Jaksa penuntut umum (JPU) Bangkit Budi Satya menyampaikan, perbuatan terdakwa bermula saat Kampung Sidomukti memperoleh pendapatan pada tahun 2015 sebesar Rp 704.060.848.
"Selanjutnya anggaran tersebut ditetapkan Anggaran Pendapatan dan Belanja Kampung Tahun Anggaran 2015," kata JPU, Senin (3/5/2021).
Baca juga: BREAKING NEWS Korupsi Dana Desa untuk Judi, Eks Kakam di Tulangbawang Diganjar 4 Tahun Penjara
Adapun rincian anggaran yakni bidang penyelenggaraan pemerintah kampung Rp 312.928.994, bidang pembangunan kampung Rp 270.000.000, bidang pembinaan kemasyarakatan Rp 62.031.854, dan bidang pemberdayaan masyarakat Rp 59.100.000.
Dalam penyelenggaraan pemerintah seperti pembangunan jalan, gedung, gorong-gorong, dan perlengkapan perkantoran, terjadi penyimpangan yang dilakukan oleh terdakwa.

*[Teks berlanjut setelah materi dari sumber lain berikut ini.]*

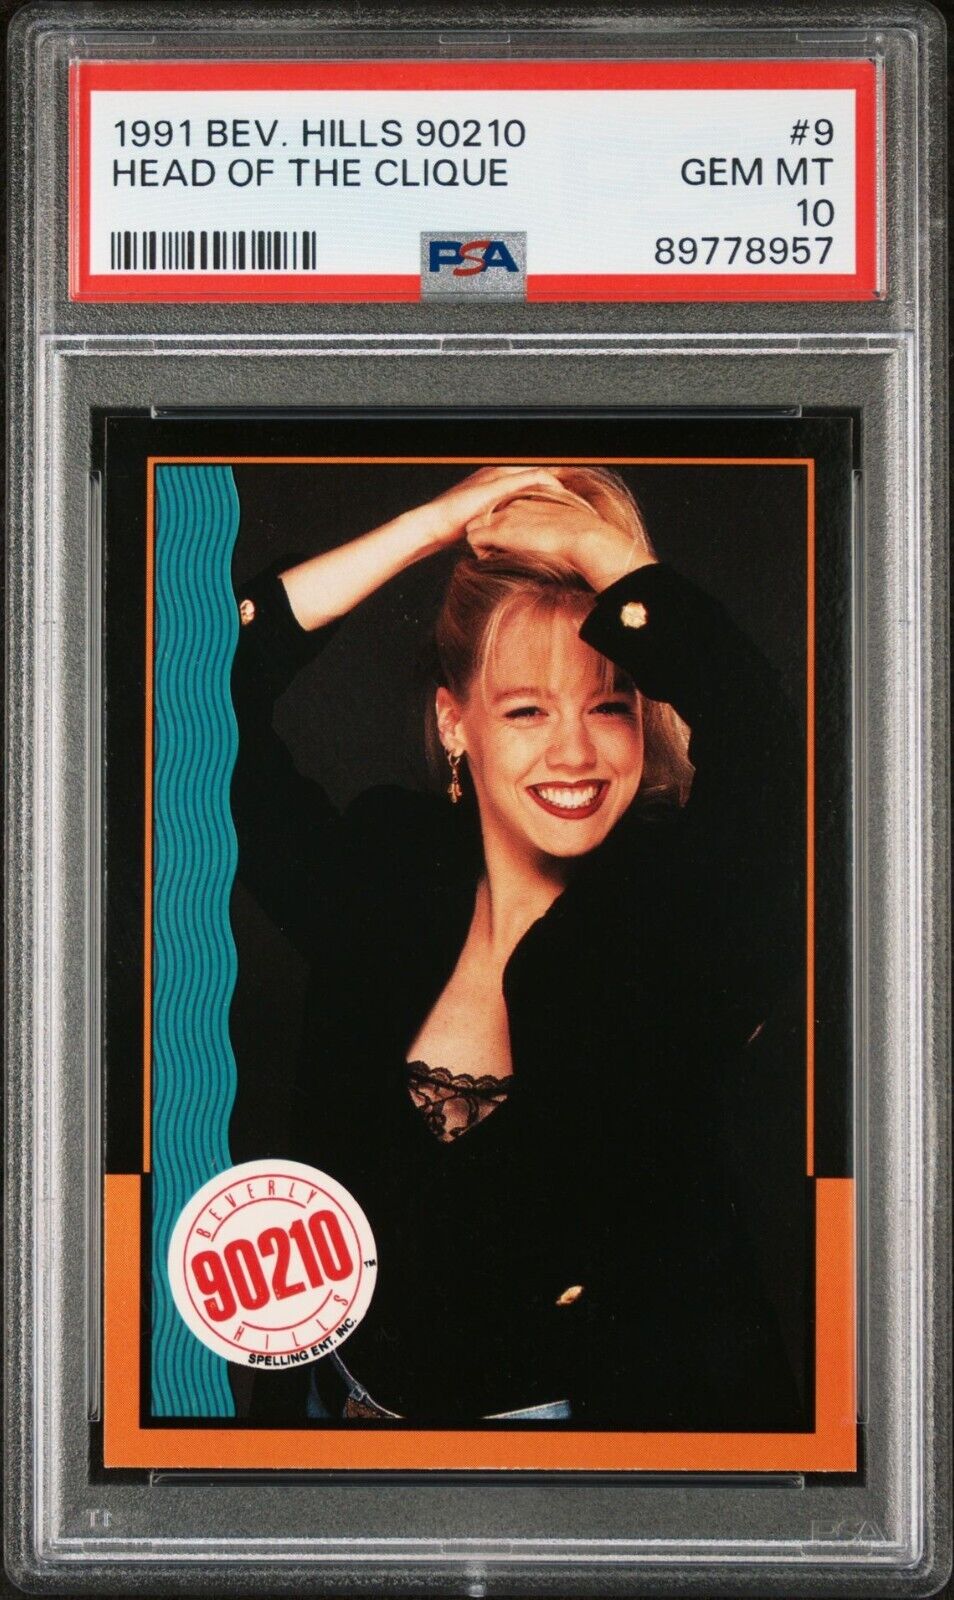 1991 Topps BEVERLY HILLS 90210 Kelly Jennie Garth RC #9 PSA 10 GEM Mint POP 1

"Atas perbuatan terdakwa mengakibatkan kerugian keuangan negara sebesar sebesar Rp 380.335.935,76," sebut JPU.
Baca juga: Tak Menyesal Korupsi Dana Desa, Ini 3 Hal yang Memberatkan Vonis Eks Kakam di Tulangbawang
“Kenakalan” Boman
Dalam keterangan para saksi, disebutkan jika ADD tahun 2015 dan 2016 secara keseluruhan dikelola oleh terdakwa tanpa meminta bantuan perangkat desa lainnya.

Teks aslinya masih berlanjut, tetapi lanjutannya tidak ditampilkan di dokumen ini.